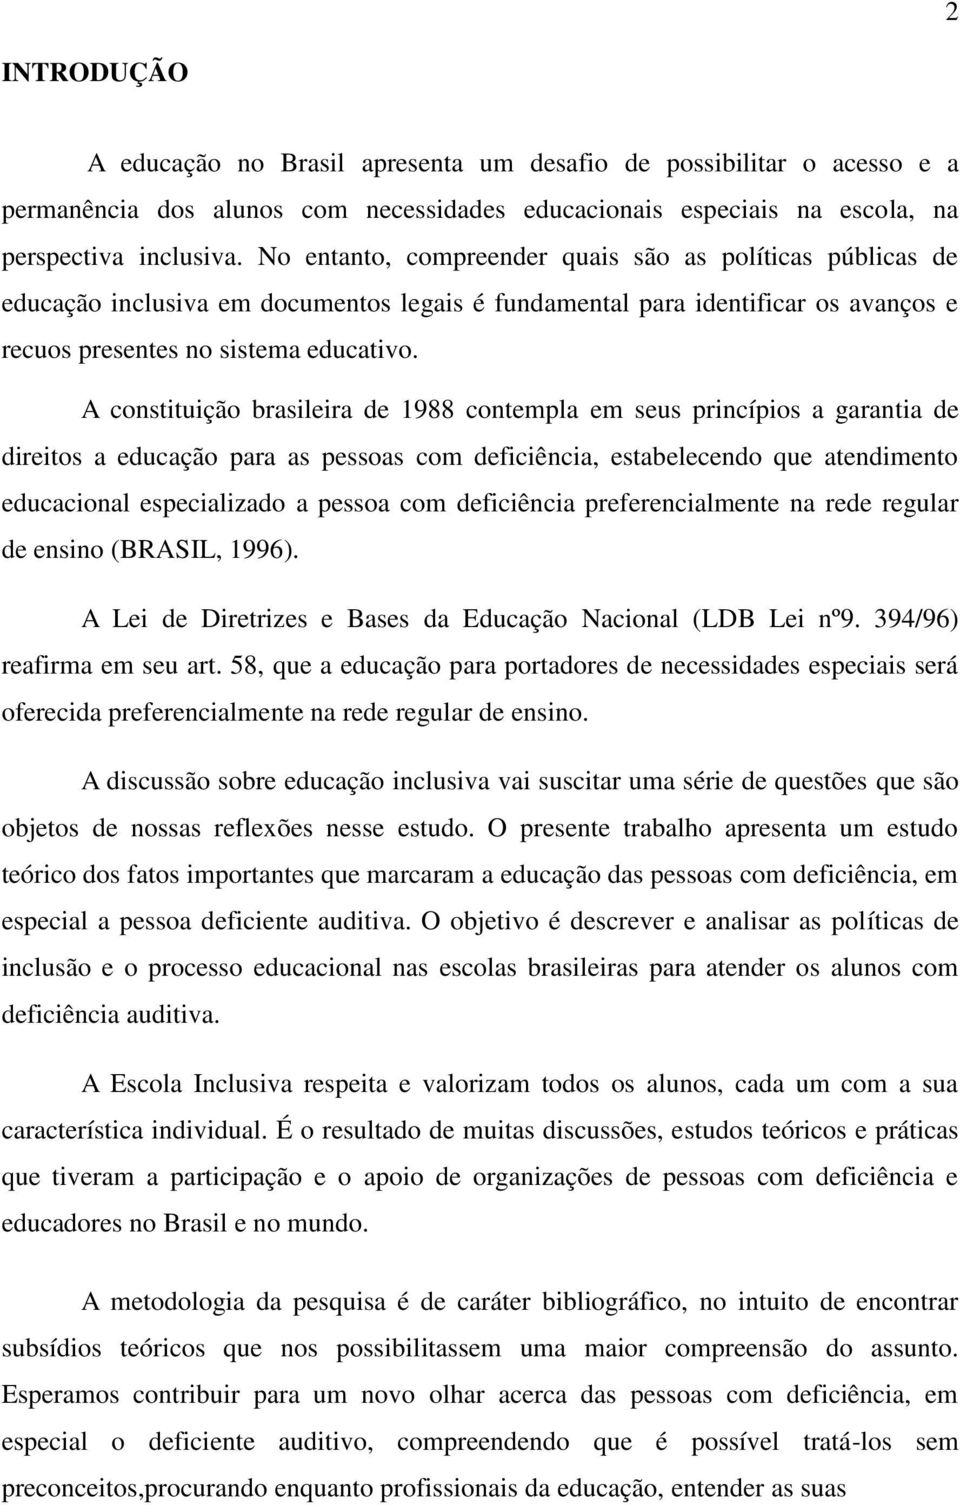 A constituição brasileira de 1988 contempla em seus princípios a garantia de direitos a educação para as pessoas com deficiência, estabelecendo que atendimento educacional especializado a pessoa com
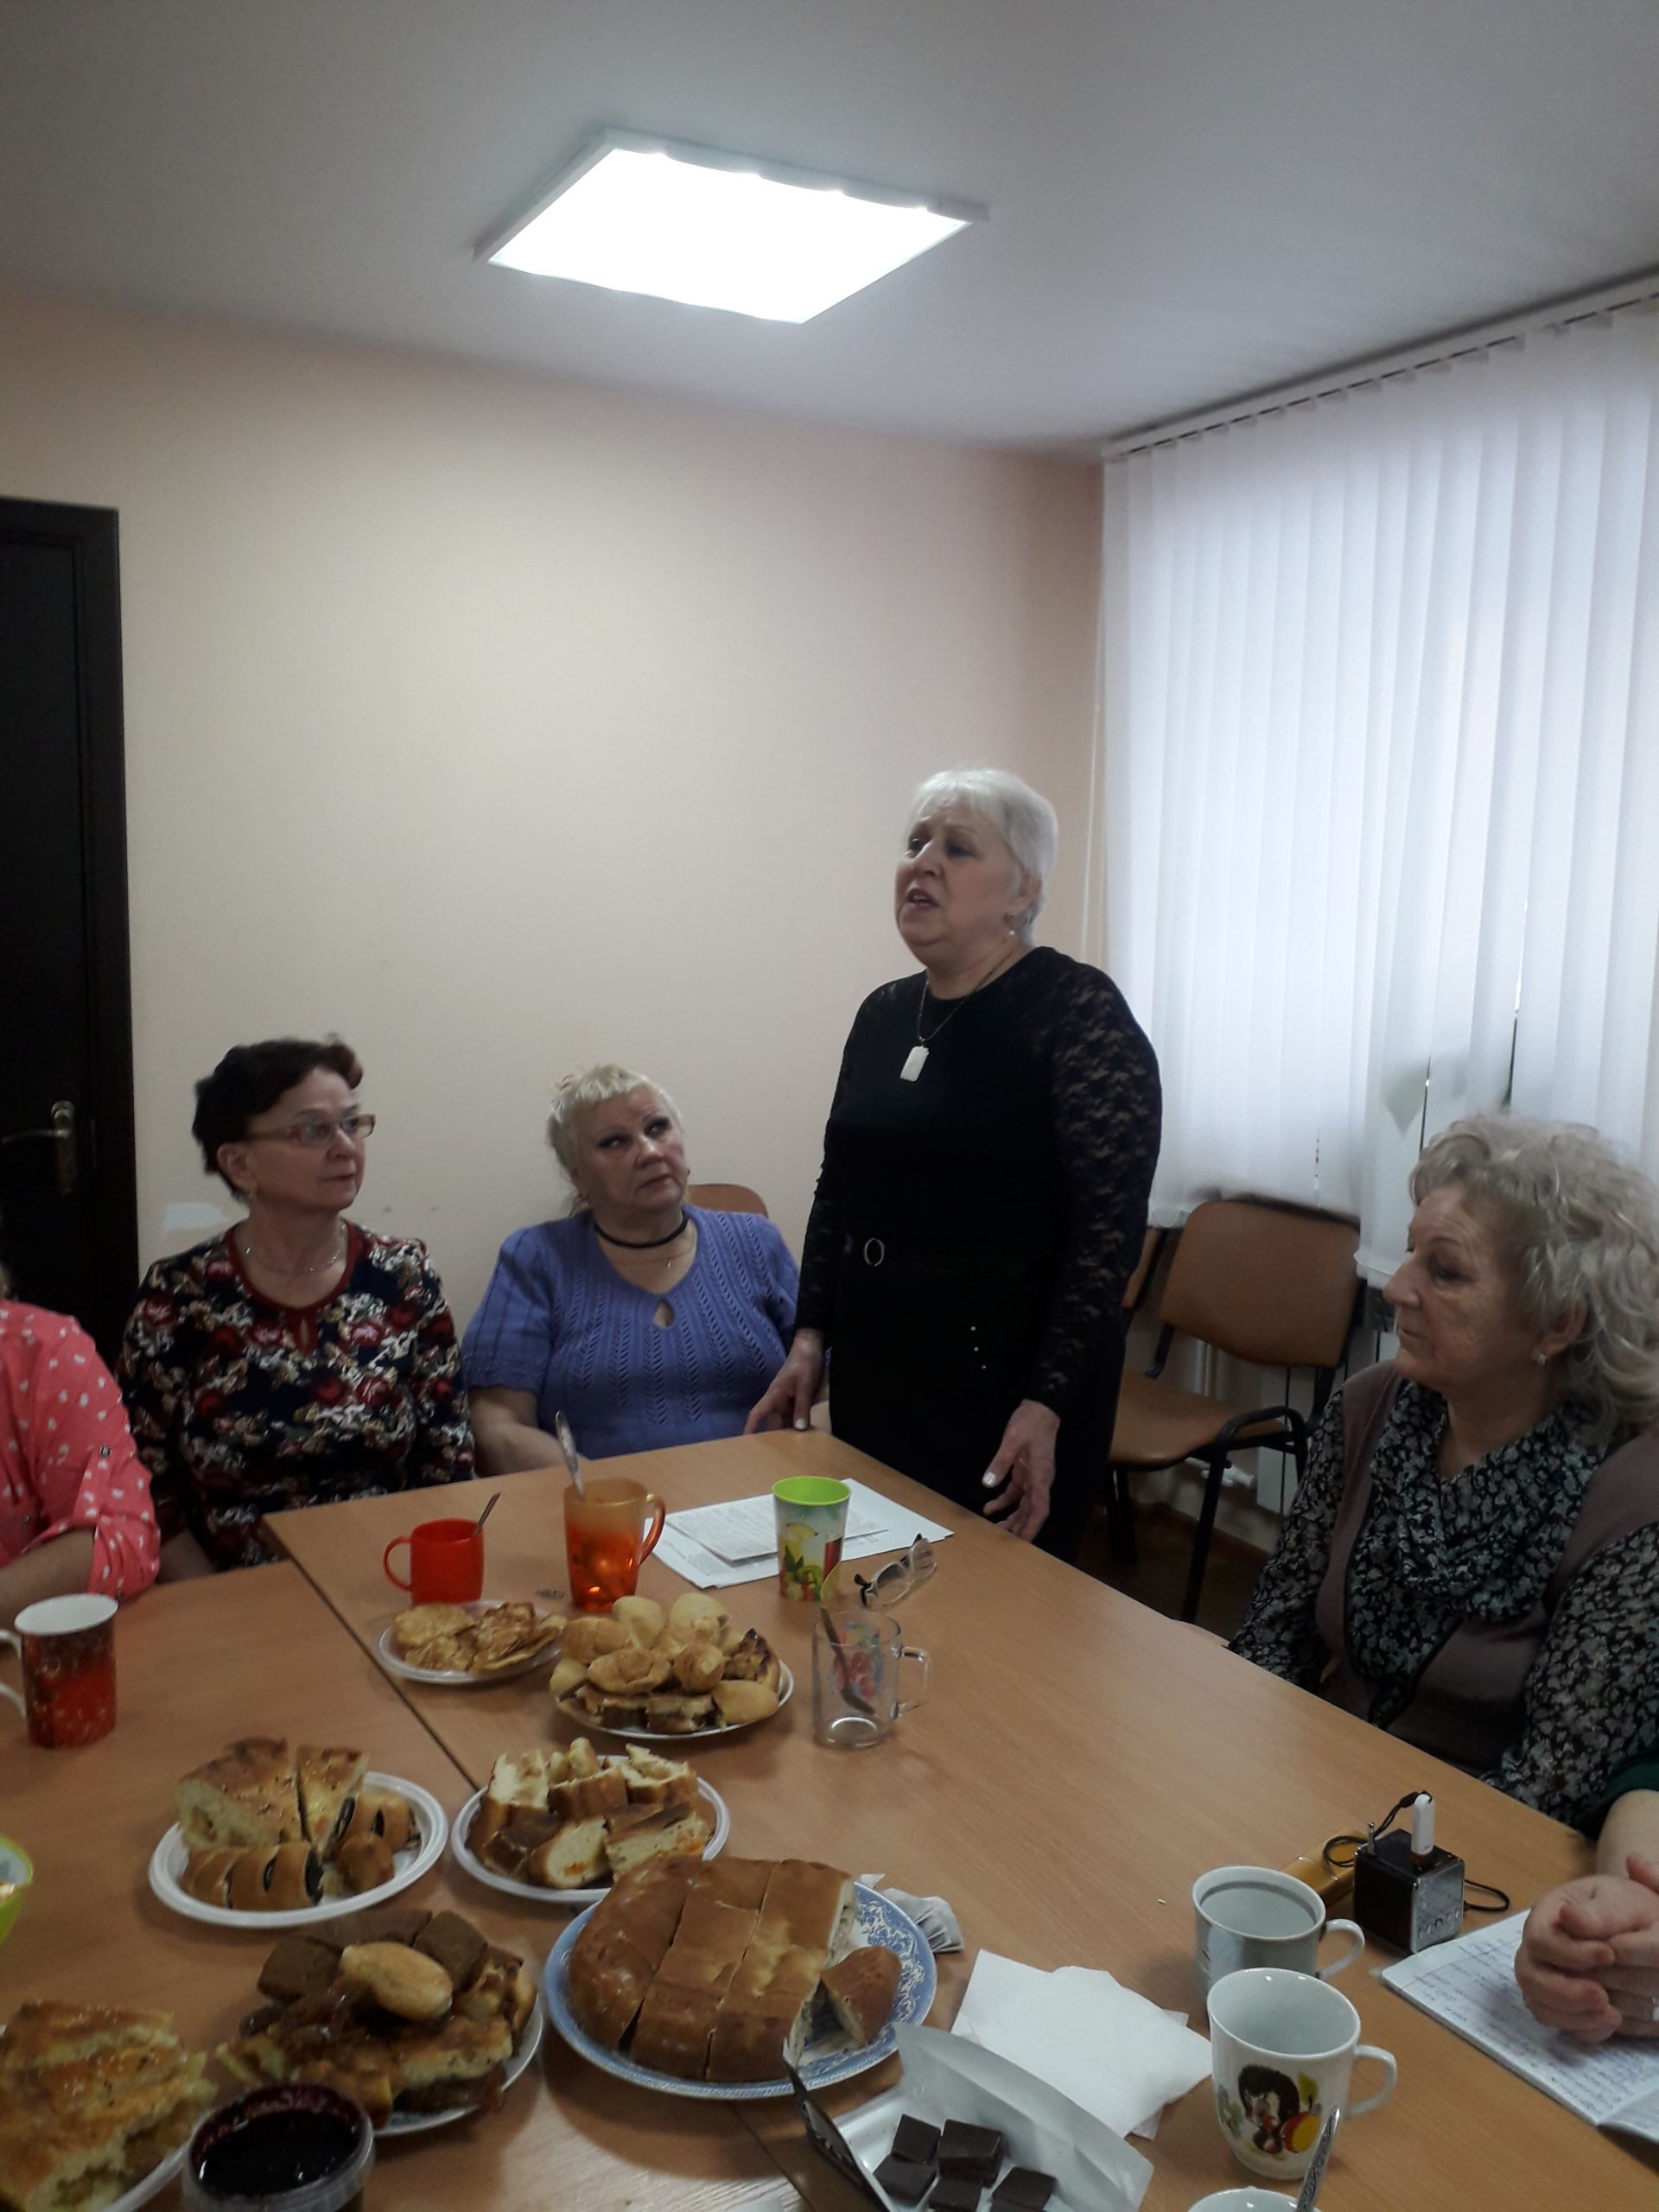 Праздник, посвященный Дню матери, прошел в женском клубе Менделеевска
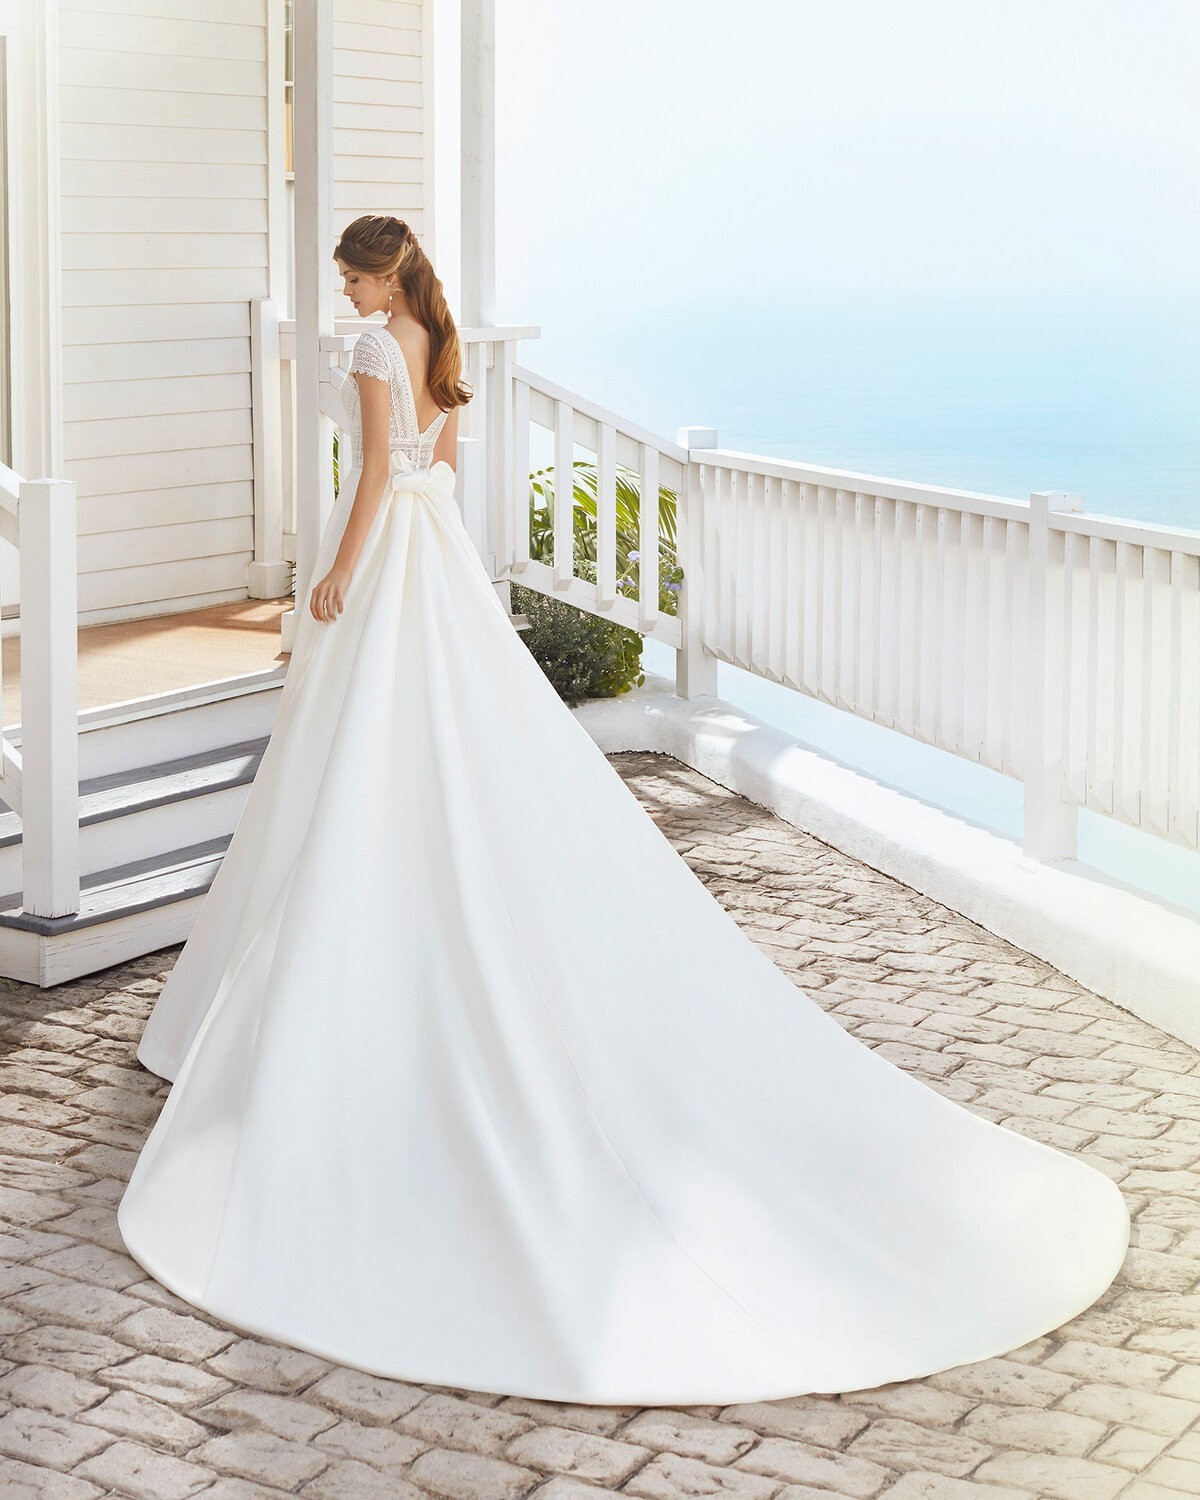 CUARZO - abito da sposa collezione 2020 - Rosa Clarà
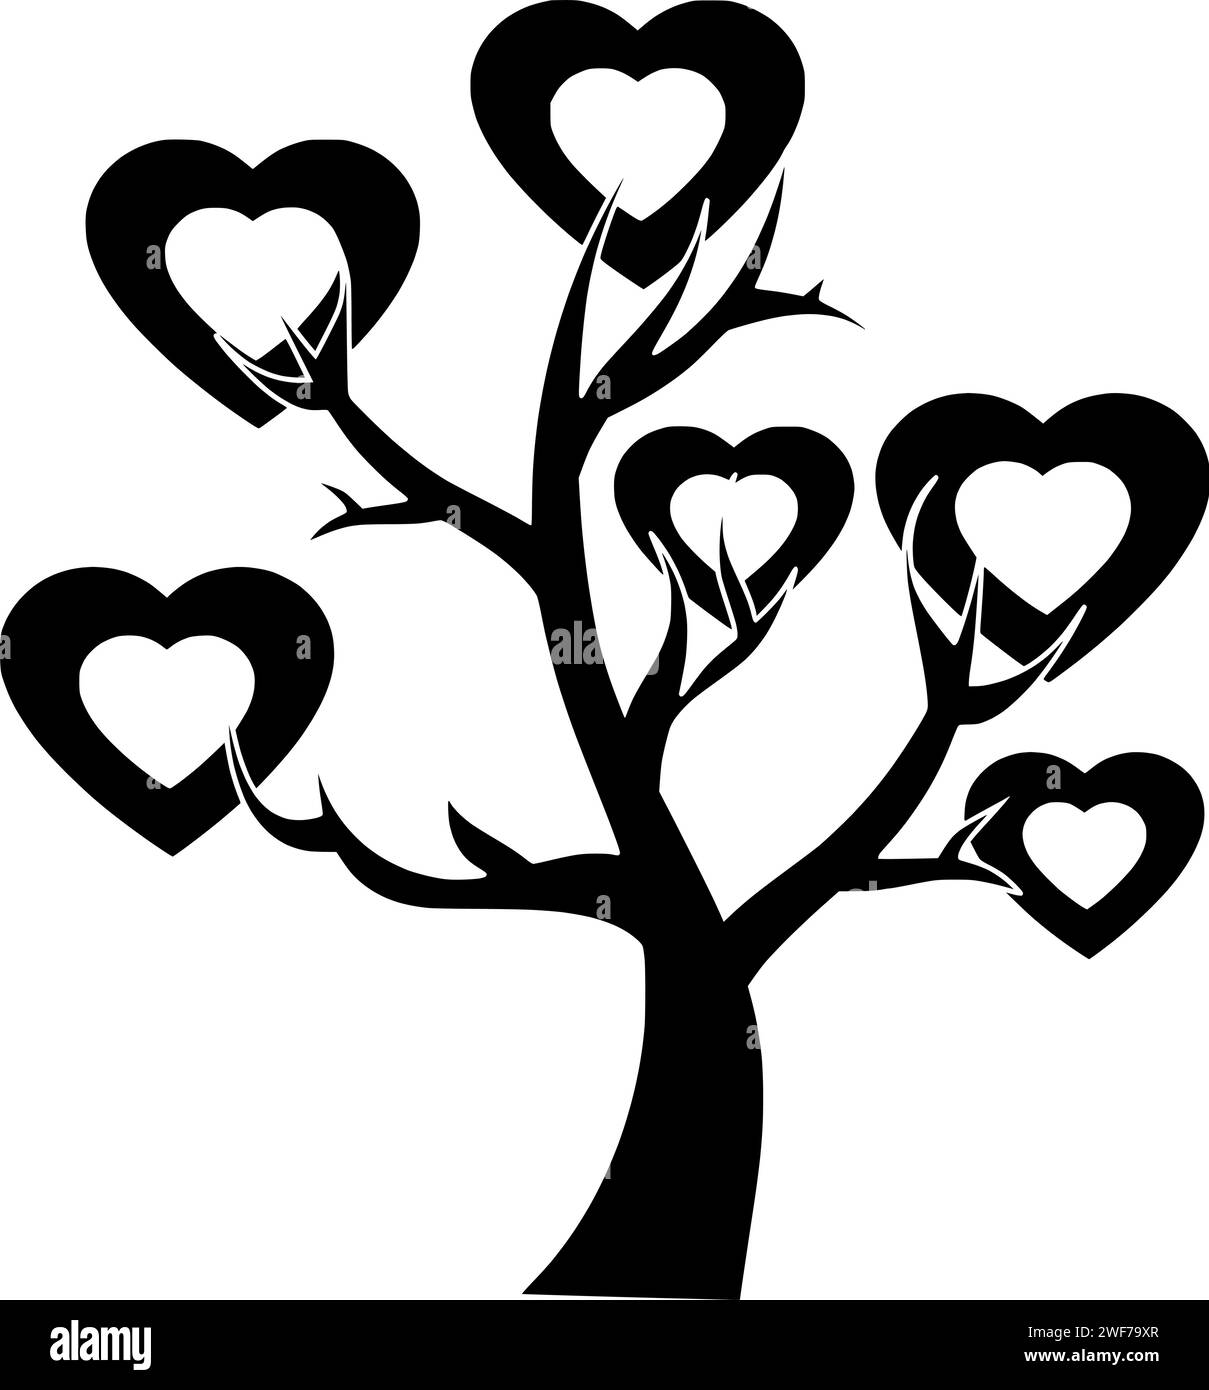 Baum Illustration Herz Silhouette Natur Logo Liebe Icon Pflanze Umriss valentine natürliche Wald Blatt Jahreszeit grüne Umwelt Tag Romantik Form Zweig Holz Garten Stock Vektor

::::::::::

> [Exercise description] No picture should be included when the data are set down again exactly.

> [Task response]
 A constituição brasileira de 1988 contempla em seus princípios a garantia de direitos a educação para as pessoas com deficiência, estabelecendo que atendimento educacional especializado a pessoa com
 Праздник, посвященный Дню матери, прошел в женском клубе Менделеевска
 CUARZO - abito da sposa collezione 2020 - Rosa Clarà
 Baum Illustration Herz Silhouette Natur Logo Liebe Icon Pflanze Umriss valentine natürliche Wald Blatt Jahreszeit grüne Umwelt Tag Romantik Form Zweig Holz Garten Stock Vektor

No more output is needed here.